Bagian III
Sejak tahun 2000-an, persaingan antar minyak nabati telah memicu perang dagang antar minyak mabati di pasar dunia. Pesatnya perkembangan minyak sawit (CPO) di bandingkan dengan ketiga jenis minyak nabati lainnya di pengaruhi oleh fenomena global excess demand, dimana laju konsumsi lebih besar dari laju produksi minyak nabati dunia, sehingga permintaan meningkat dan harga pun meningkat. CPO menjadi pilihan yang paling utama, karena pasar global, yang dicerminkan oleh peningkatan CPO di sejumlah negara-negara pengimpor berdampak pada perkembangan yang semakin pesat di sektor hulu, khususnya on fram, baik oleh swasta dan pemerintah dan terutama perkembangan yang revolusioner pada perkebunan rakyat di Indonesia.

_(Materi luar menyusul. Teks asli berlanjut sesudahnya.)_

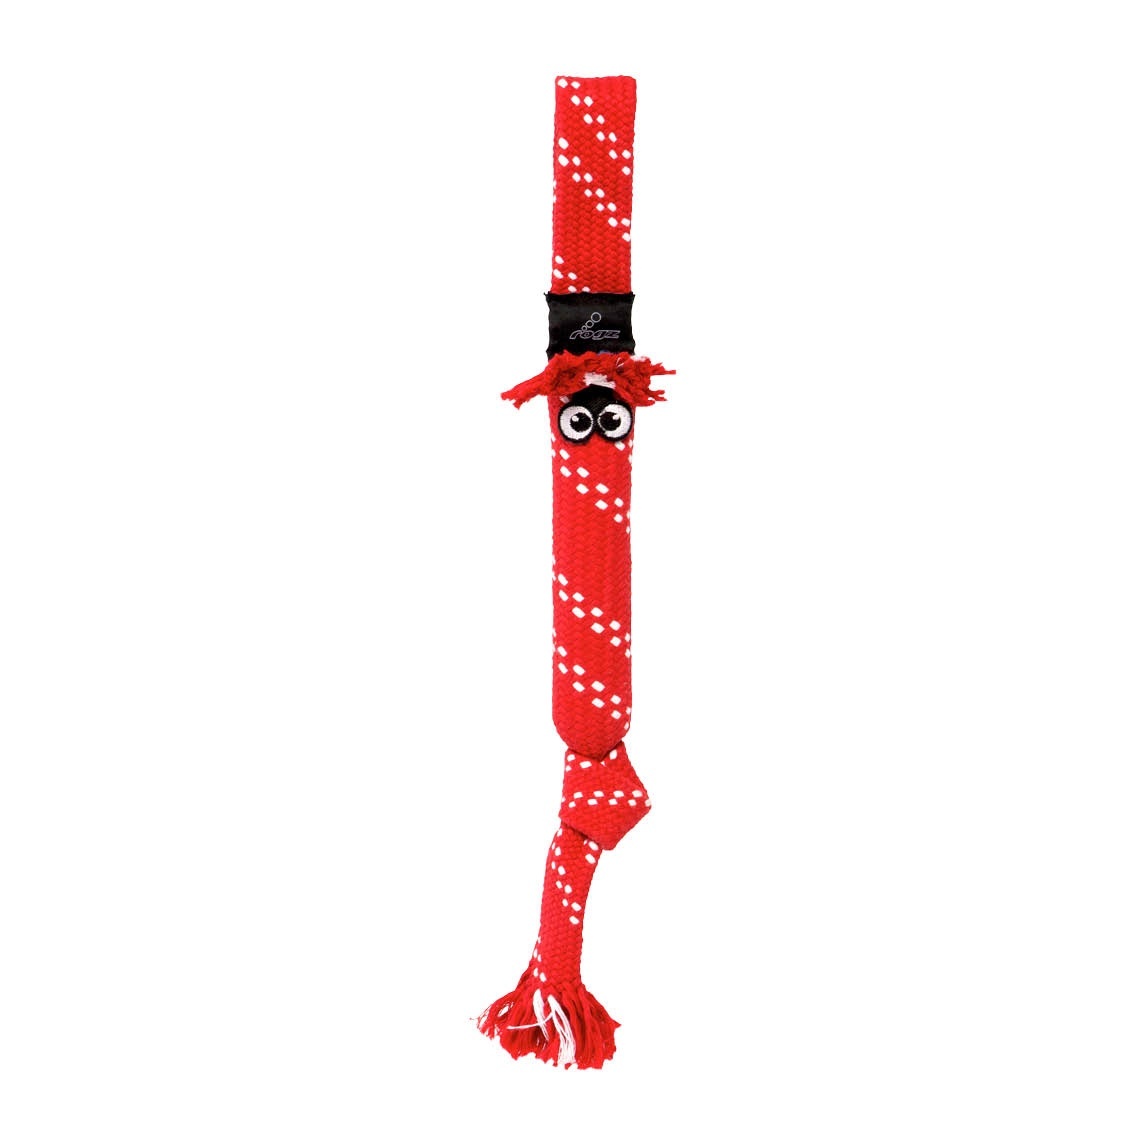 Rogz Rogz игрушка веревочная шуршащая SCRUBZ, красный (M) rogz игрушка для собак rogz scrubz m веревочная шуршащая сосиска лайм 440 мм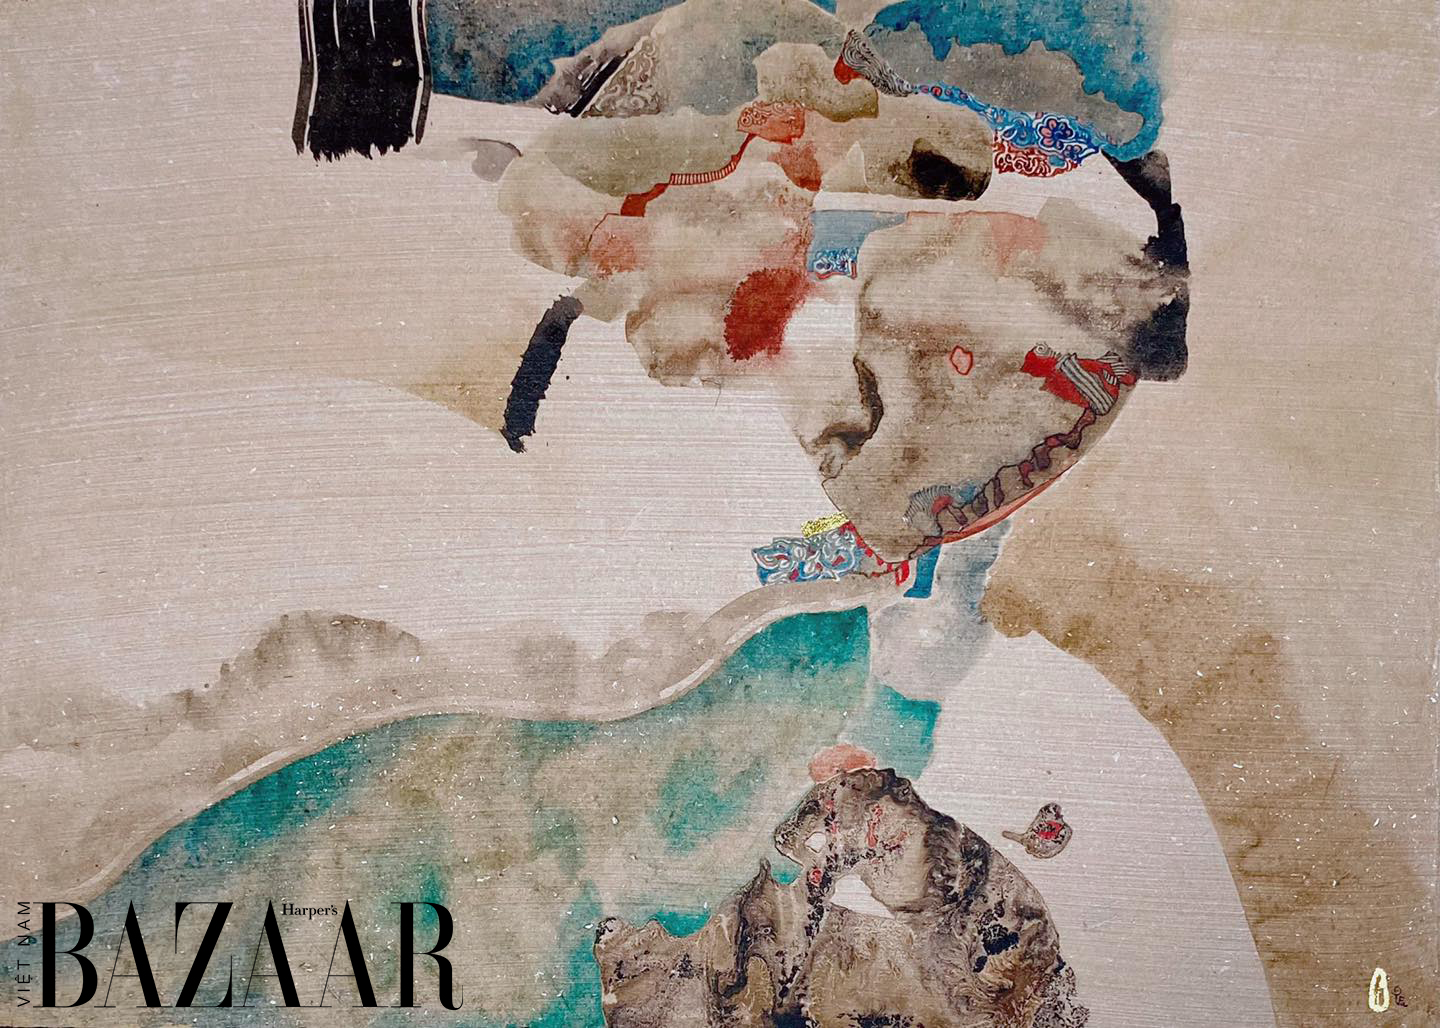 Harper's Bazaar_triển lãm Mifa ĐIỆP Sparkling of scallop paper_04

Perang minyak nabati pertama dalam sejarah persawitan di Indonesia adalah minyak sawit (CPO) dengan minyak kedelai (soybean oil/SBO). Dalam dekade 1980-an, negara Amerika Serikat dan Uni Eropa merupakan negara tujuan utama ekspor CPO Malaysia. Pada saat itu, negara Mlaysia merupakan negara produsen dan eskportir terbesar CPO dunia. Pangsa impor minyak sawit Amerika Serikat mencapai 20 persen dalam kurun waktu 1980-1986 (USDA, 1987). Minyak sawit adalah komoditas substitusi untuk minyak kedelai untuk memenuhi konsumsi CPO di Amerika Serikat.